One problem - yeast can’t eat honey. It’s a preservative. I was told you can preserve an apple by submerging it in honey. I’m dying to try honey apple slices! Yum! Honey pear slices? Even better!!
But if you add some water, those yeast get a foothold. And then you can make all kinds of good stuff. Most of it sweeter than…honey. Honey wine. No grapes, just fermented honey. Honey cider. The hard kind. Infuse some fruit puree to get your flavor of choice. Honey beer. Let those yeasties munch on both honey and grains.
And then it all came together. The bartender pulled out a special mead for us to taste. Golden and translucent. With a giant red ghost pepper floating in it. An exquisite balance of heat and sweet honey.

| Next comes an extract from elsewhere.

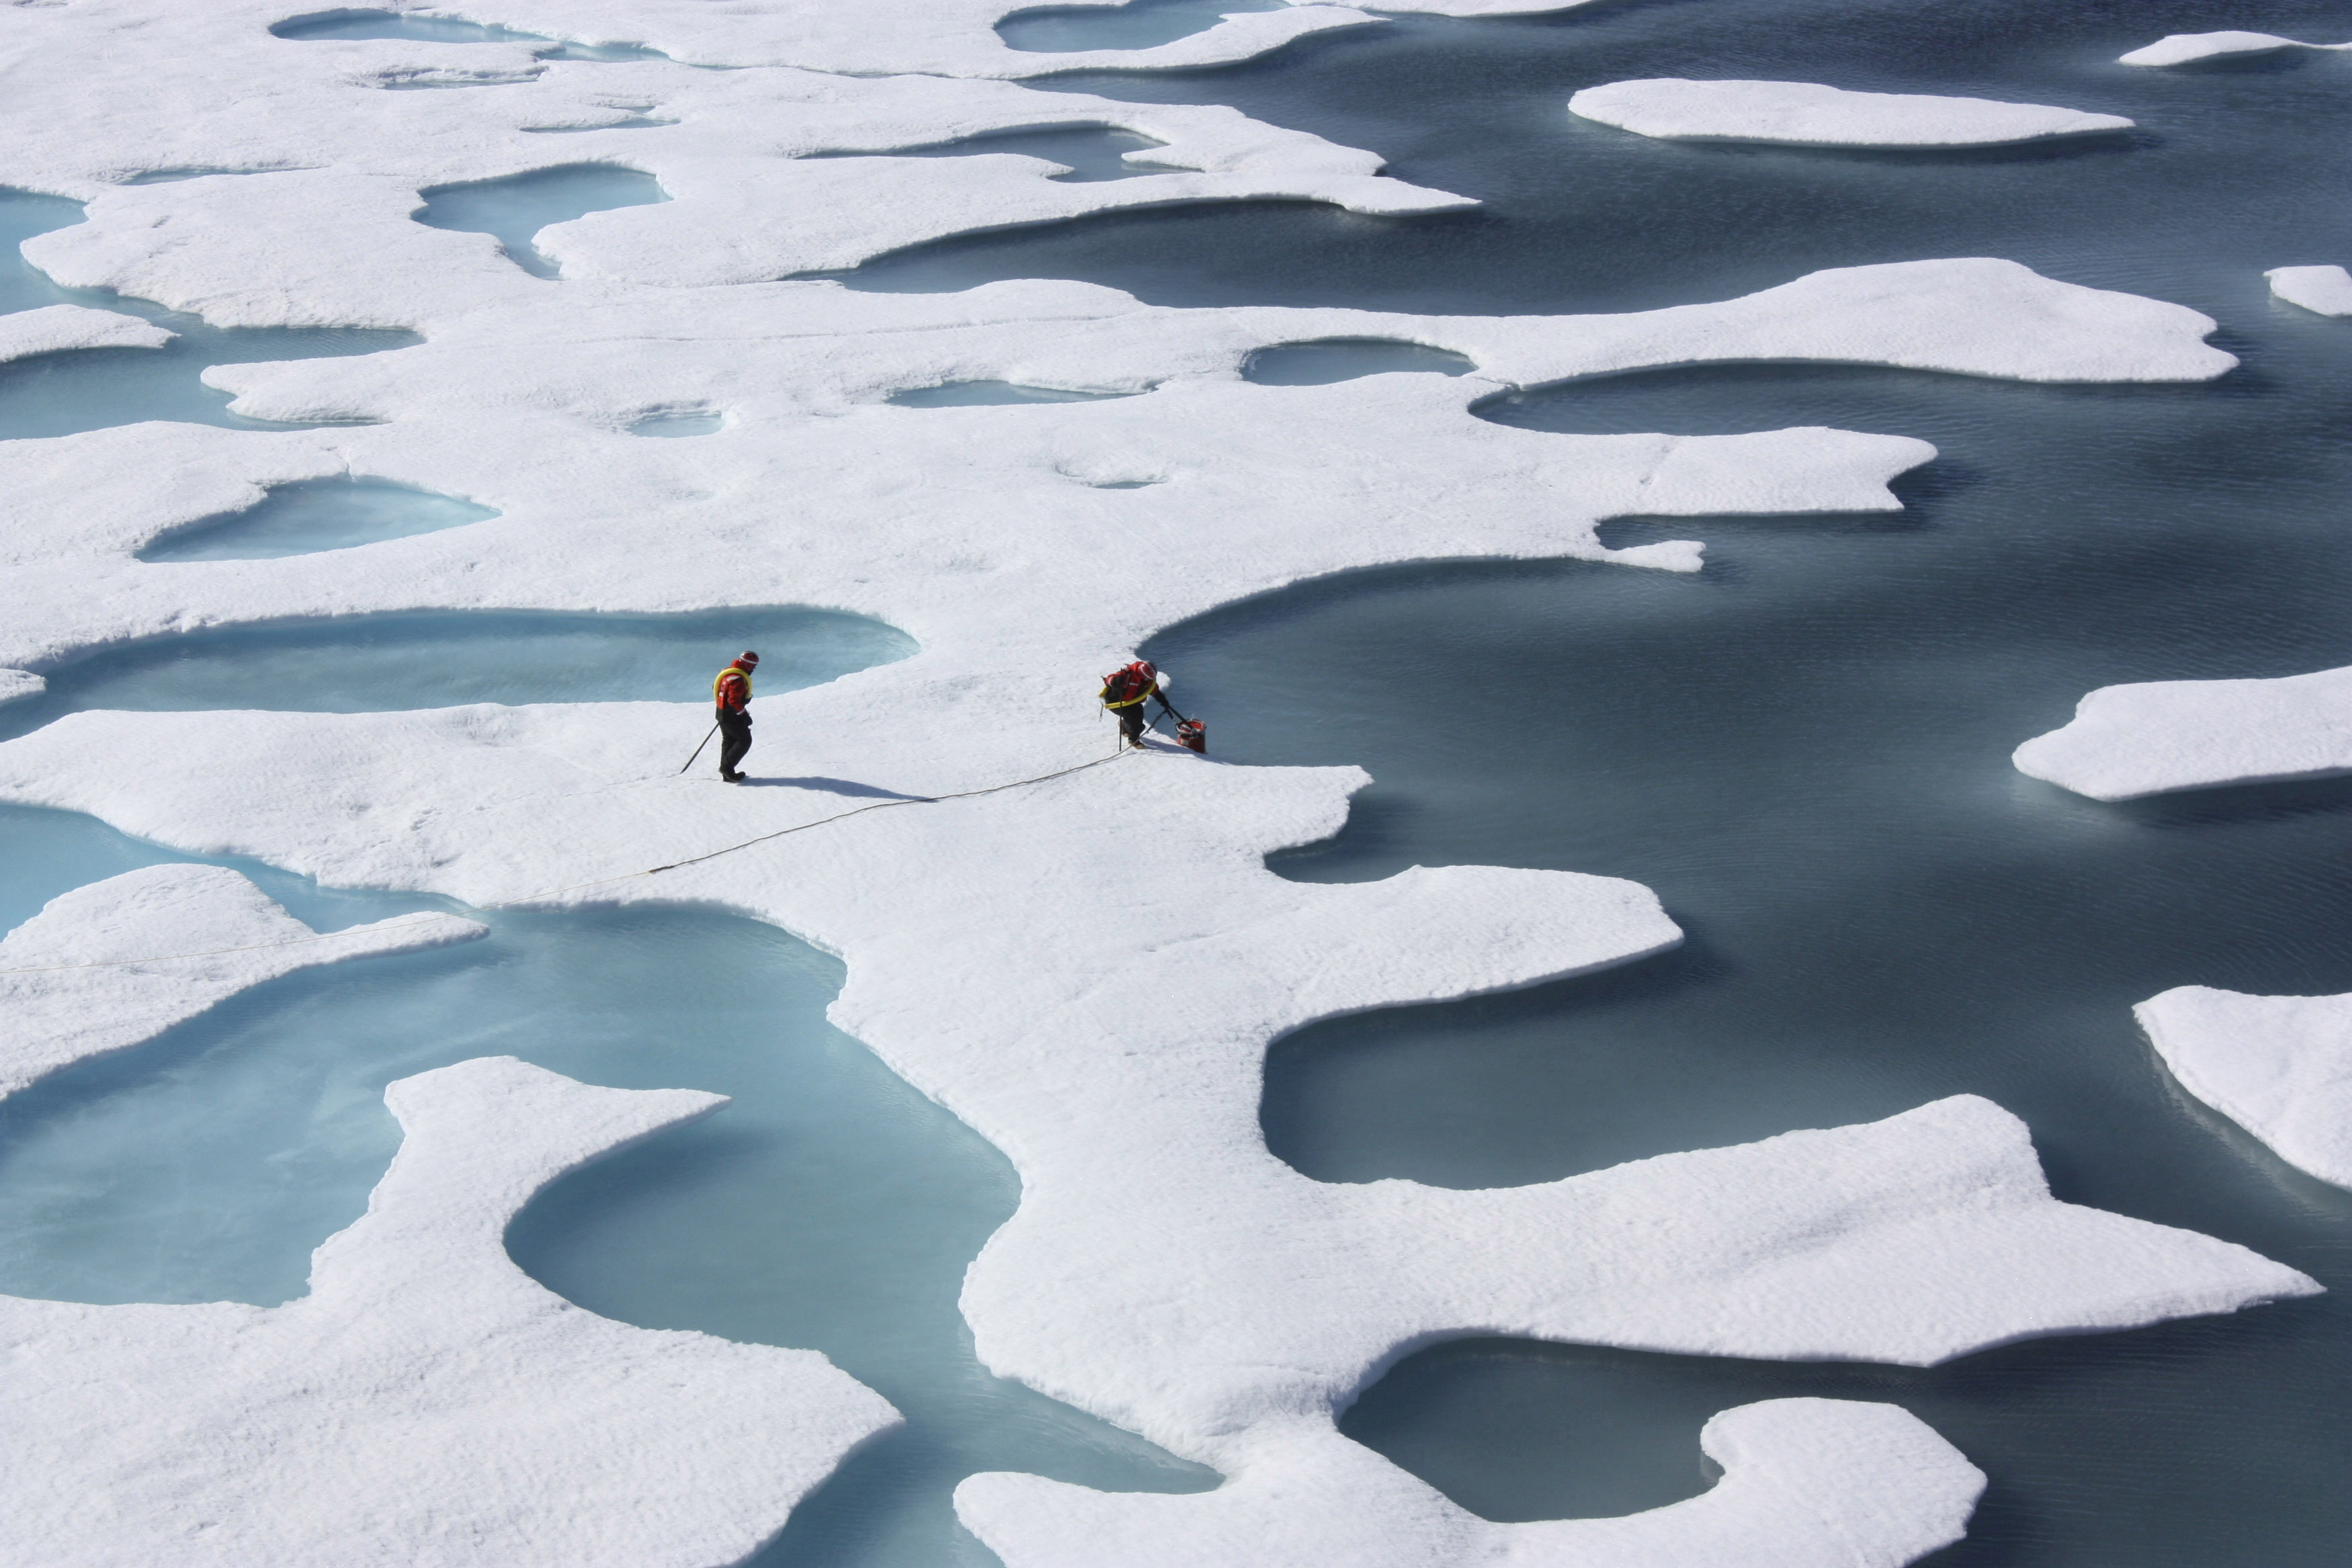 Κλιματική αλλαγή: Σε «καταστροφικά» επίπεδα η απώλεια πάγων στους πόλους

So why is it called the Rabbit’s Foot? The owner was home-brewing mead. After several failed attempts, he finally got a batch that looked like it was working out. Golden clear. The next day it was cloudy and discolored. For no good reason. Well. His daughter had dropped in her lucky Rabbit’s Foot to help him succeed. Yeah, ruined the batch with contaminants and coloring. But he decided that if he ever opened a meadery, he would call it the Rabbit’s Foot. And so he did.